On Saturday, 11 January 2014 at 18:02:15 UTC, Robert M. Münch wrote:
> On 2013-11-07 13:45:56 +0000, Dicebot said:
>
>> Our current victim is std.signal by Robert Klotzner which is supposed to deprecate and supersede existing (and broken) std.signals
>
> Hi, not really a comment regarding the actual implementation but I think that good debug support for signales & slots helps a lot in using it. What do I mean with this:
>
> - a way to dump in a human readable form the run-time connections. Which function / class / etc. is currently attached to which signal?
> - automatic logging like a call-stack in a debugger to get an idea when which signal is acted on
> - a way to get the order of activation for debugging to identify unwanted side-effects
> - etc.
>
> Big signal & slot implementaitons can be hard to debug, this should be as simple as possible.

January 11, 2014
>>
>> This is really ugly, but I don't see any way to improve it either. Maybe
>> if the type of &classInstance.method was actually a special
>> "pointer-to-class-method" type that implicitly down-casted to a
>> delegate, it would be possible to safely use &o.watch instead...
>
> I agree. Is the only reason to have a weak connection?

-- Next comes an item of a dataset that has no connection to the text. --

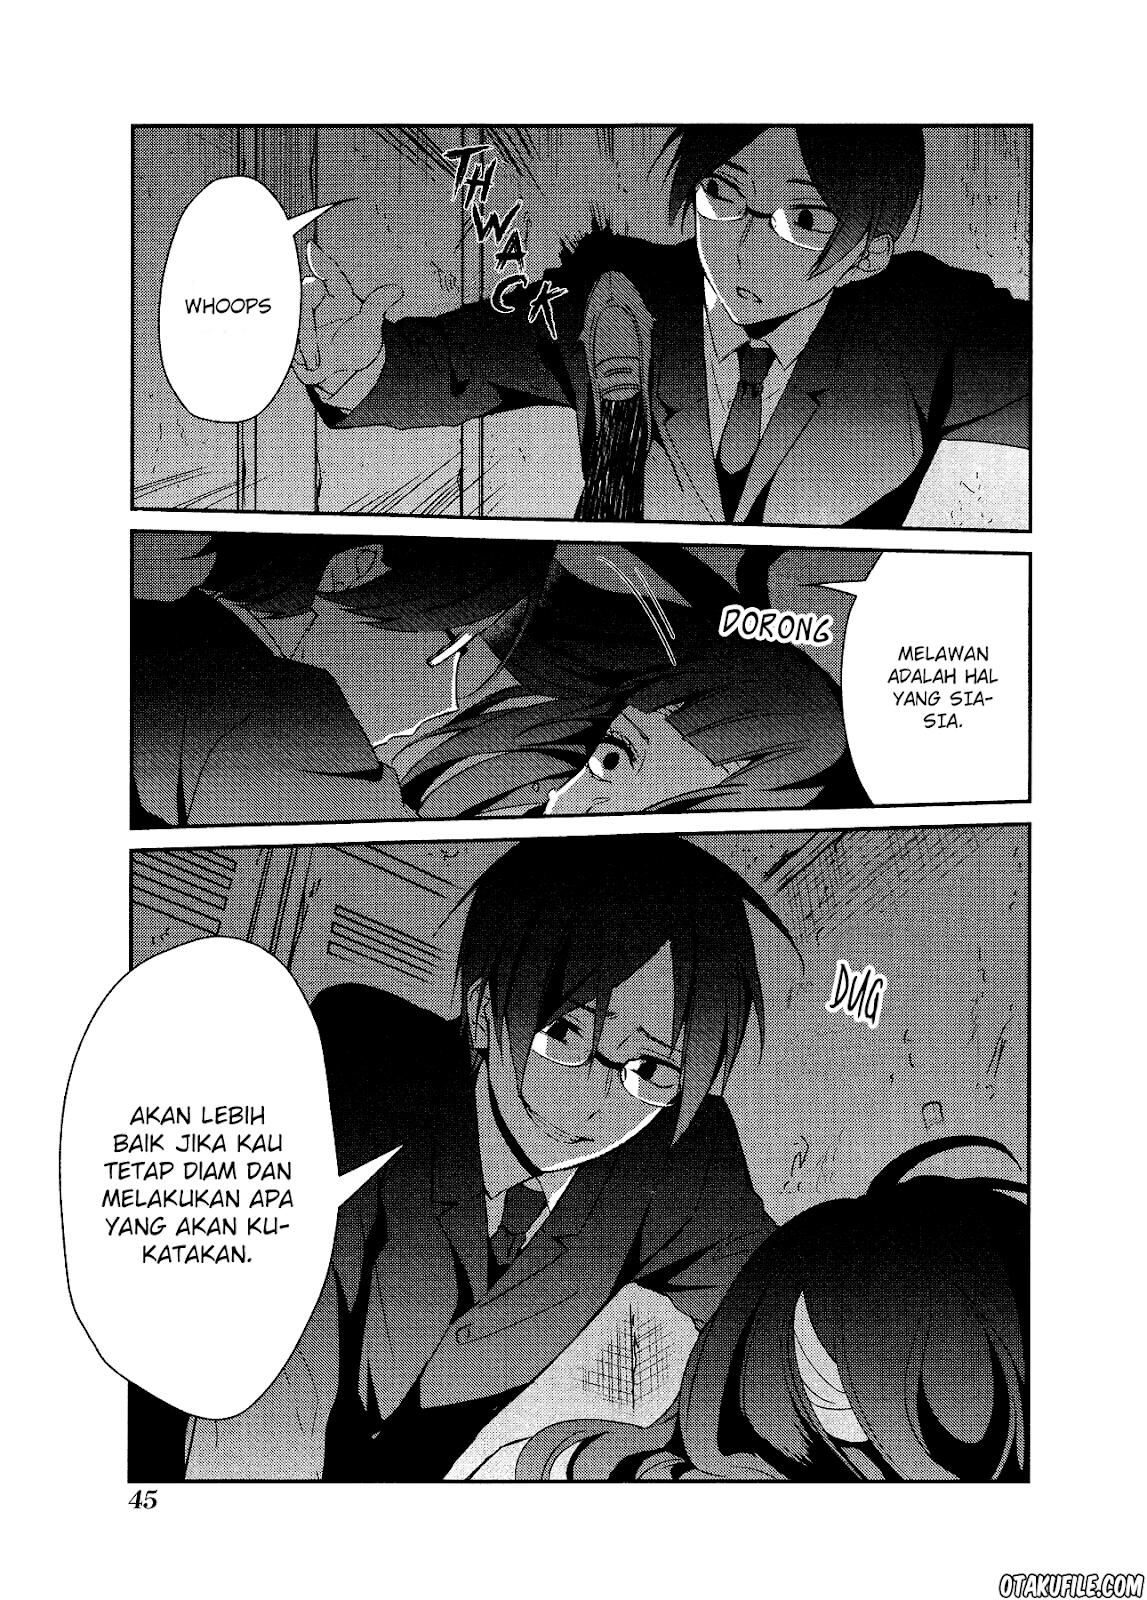 Komik sachi iro no one room 014 - chapter 14 15 Indonesia sachi iro no one room 014 - chapter 14 Terbaru 11|Baca Manga Komik Indonesia
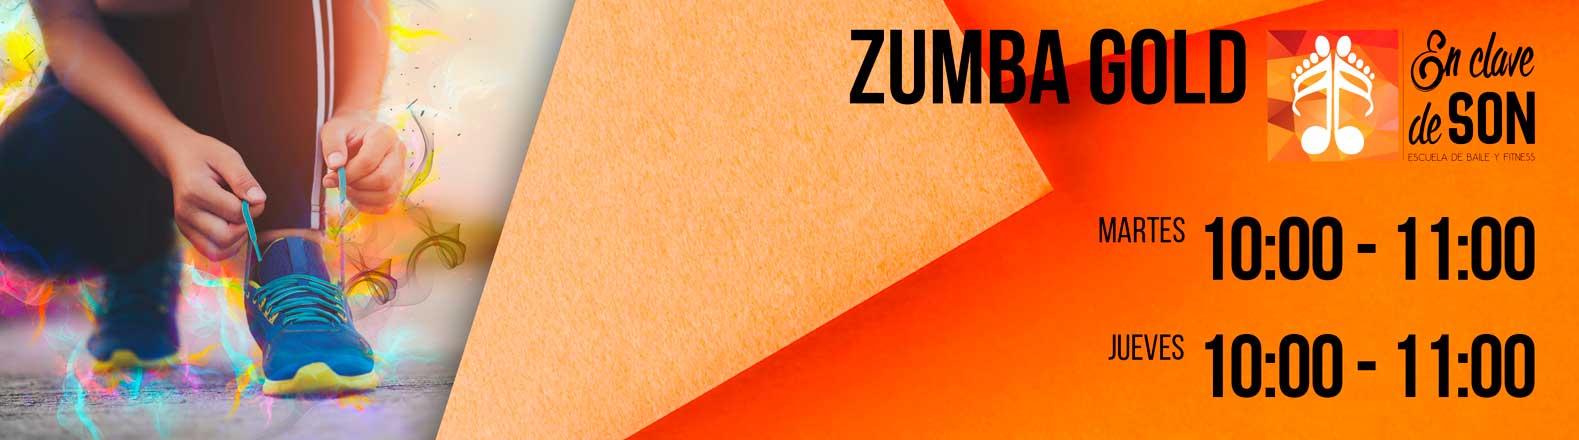 Zumba Pamplona

Yes. Weak connections are the only reason.
January 12, 2014
On Tuesday, 7 January 2014 at 08:18:26 UTC, Robert wrote:
> Instead of dropping it all together, I think I will just move it to the bottom and make it a goody, instead of the proposed default usage of std.signal.

[...]

> You are probably right, will fix that.

Has this been done? I don't see any changes on https://vhios.dyndns.org/dlang.org/web/phobos/std_signal.html

> It is for me, if I create a lamda delegate which does not use it's context.

Right, I forgot about that case.
January 12, 2014
On Sunday, 12 January 2014 at 01:06:45 UTC, Vladimir Panteleev wrote:
> On Tuesday, 7 January 2014 at 08:18:26 UTC, Robert wrote:
>> Instead of dropping it all together, I think I will just move it to the bottom and make it a goody, instead of the proposed default usage of std.signal.
>
> [...]
>
>> You are probably right, will fix that.
>
> Has this been done? I don't see any changes on https://vhios.dyndns.org/dlang.org/web/phobos/std_signal.html

Look this page:
https://vhios.dyndns.org/dlang.org/web/phobos-prerelease/std_signal.html
Is it OK?
January 12, 2014
On Saturday, 11 January 2014 at 18:02:15 UTC, Robert M. Münch wrote:
> Hi, not really a comment regarding the actual implementation but I think that good debug support for signales & slots helps a lot in using it. What do I mean with this:
>
> - a way to dump in a human readable form the run-time connections. Which function / class / etc. is currently attached to which signal?
> - automatic logging like a call-stack in a debugger to get an idea when which signal is acted on
> - a way to get the order of activation for debugging to identify unwanted side-effects
> - etc.
>
> Big signal & slot implementaitons can be hard to debug, this should be as simple as possible.

Yes, it will be good to have.

Also, you can vote `yes with condition` and write your condition after it (I think this description is good). In this case Robert receives your vote only if he implement your condition. It looks like not so many people use signals, so any feedback are welcome.